__What is expected__.
From top to bottom, print the listing word for word and skip any pictures it contains.

__Stored data__.
<<<<

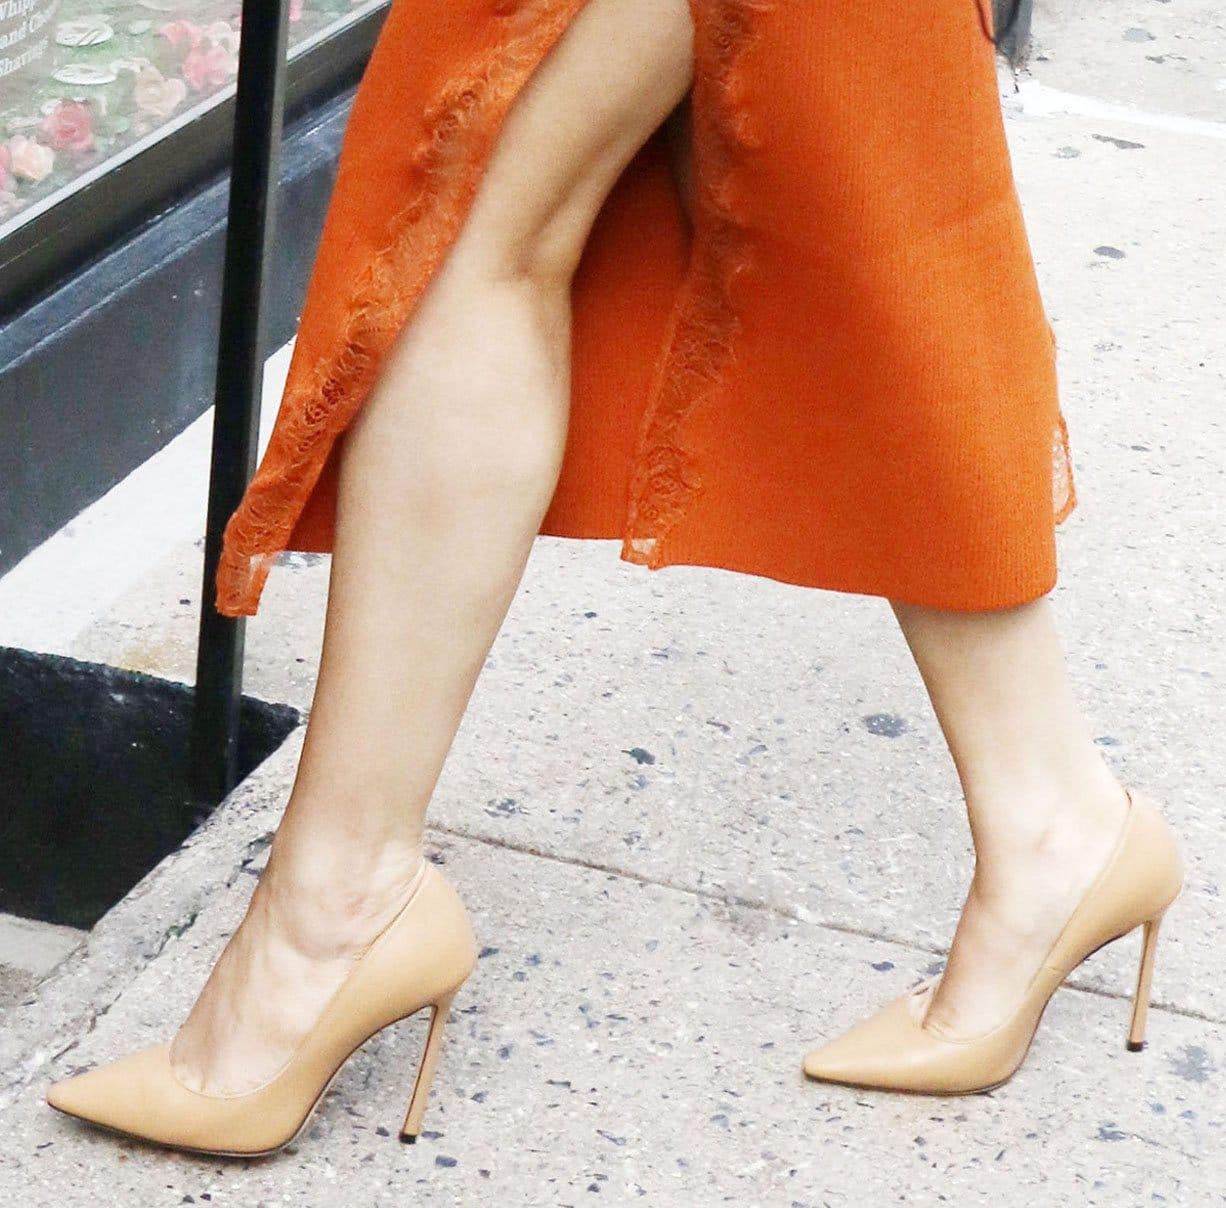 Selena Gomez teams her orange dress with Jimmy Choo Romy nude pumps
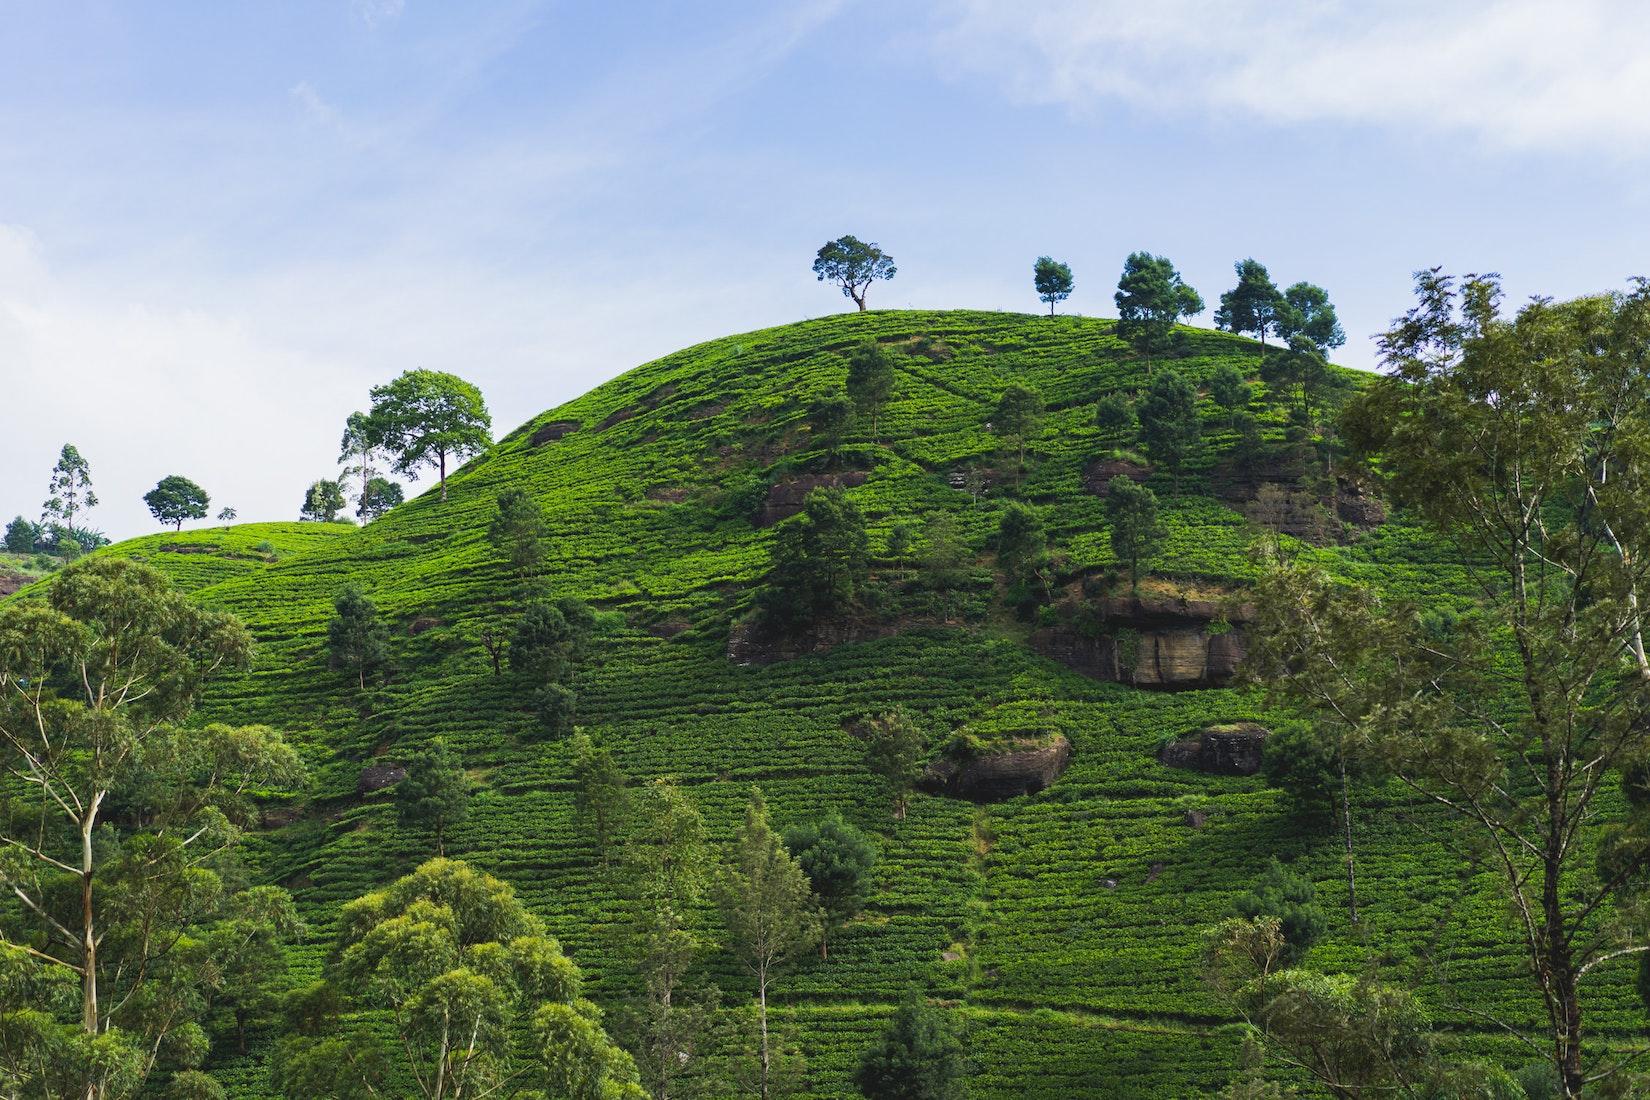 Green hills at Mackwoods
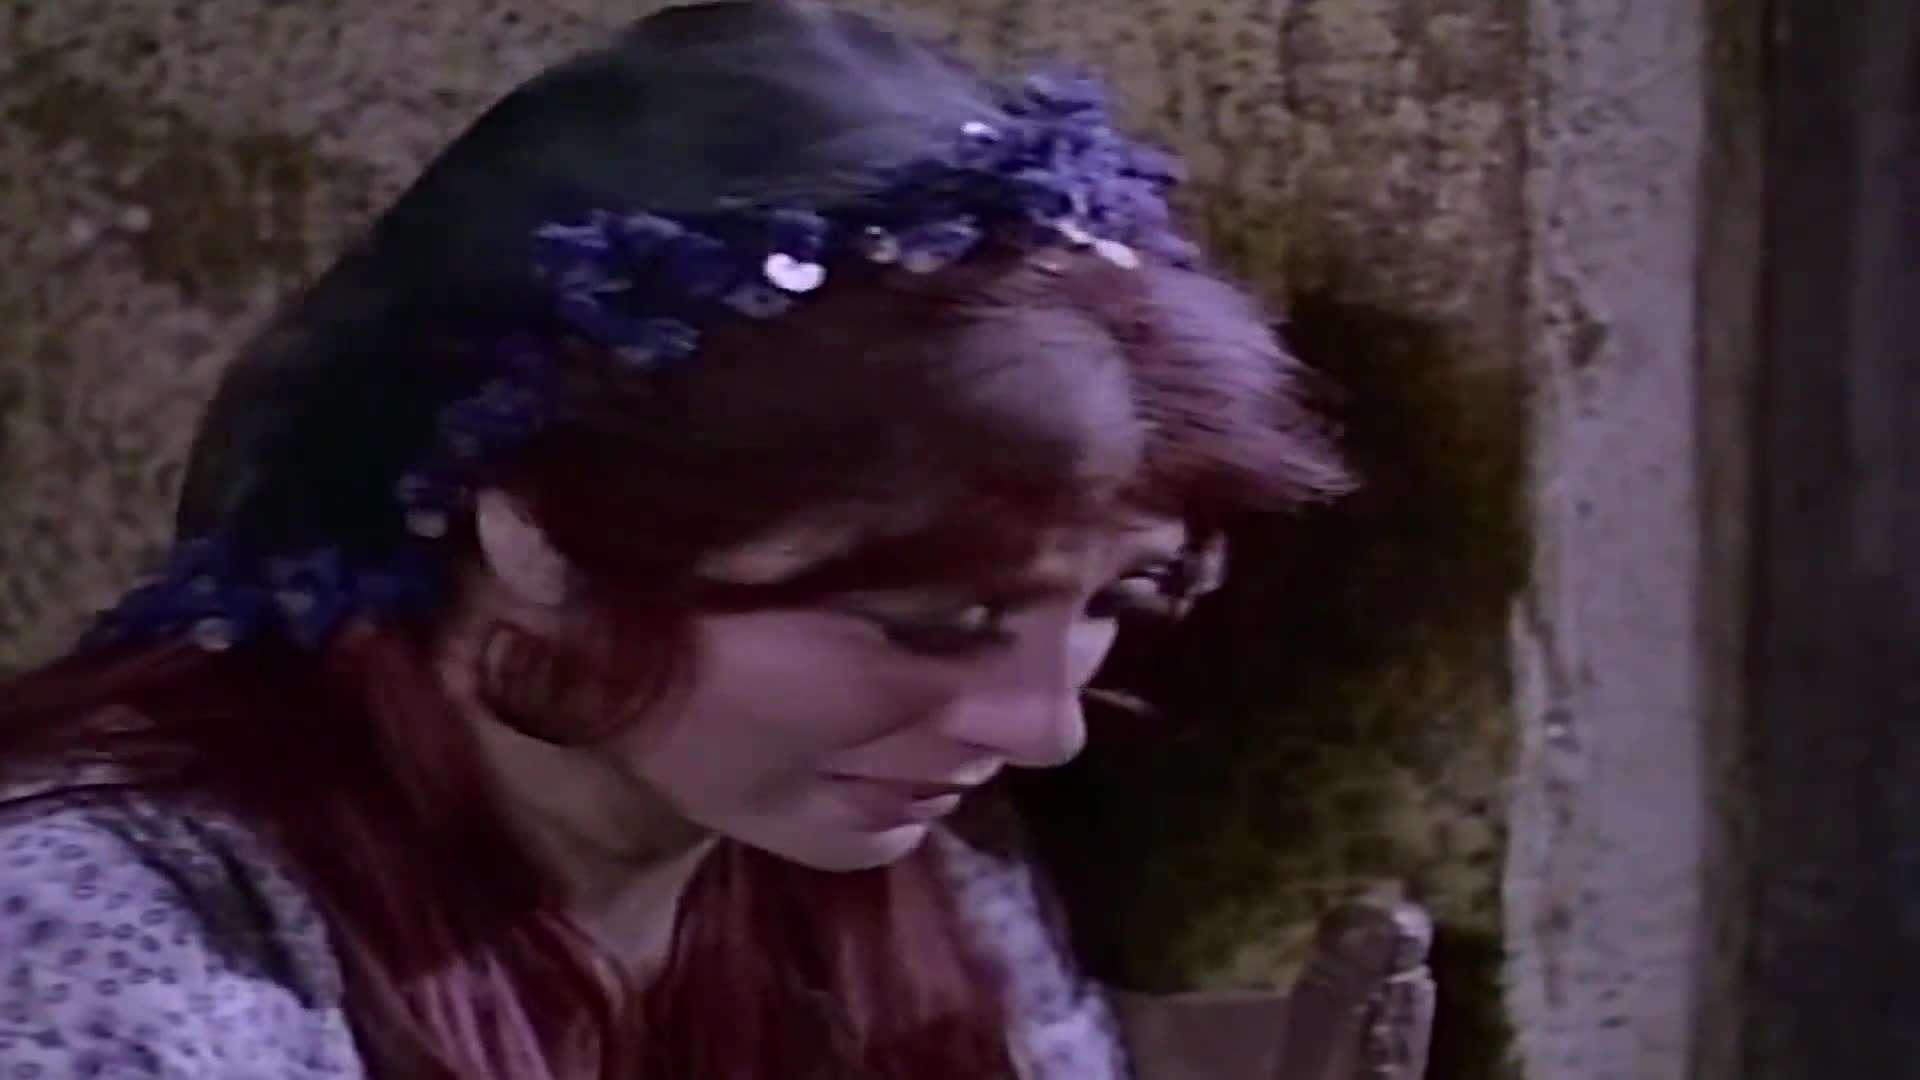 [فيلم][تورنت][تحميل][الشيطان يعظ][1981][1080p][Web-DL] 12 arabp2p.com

>>>>

__Finished task__.
 Selena Gomez teams her orange dress with Jimmy Choo Romy nude pumps
 Green hills at Mackwoods
 [فيلم][تورنت][تحميل][الشيطان يعظ][1981][1080p][Web-DL] 12 arabp2p.com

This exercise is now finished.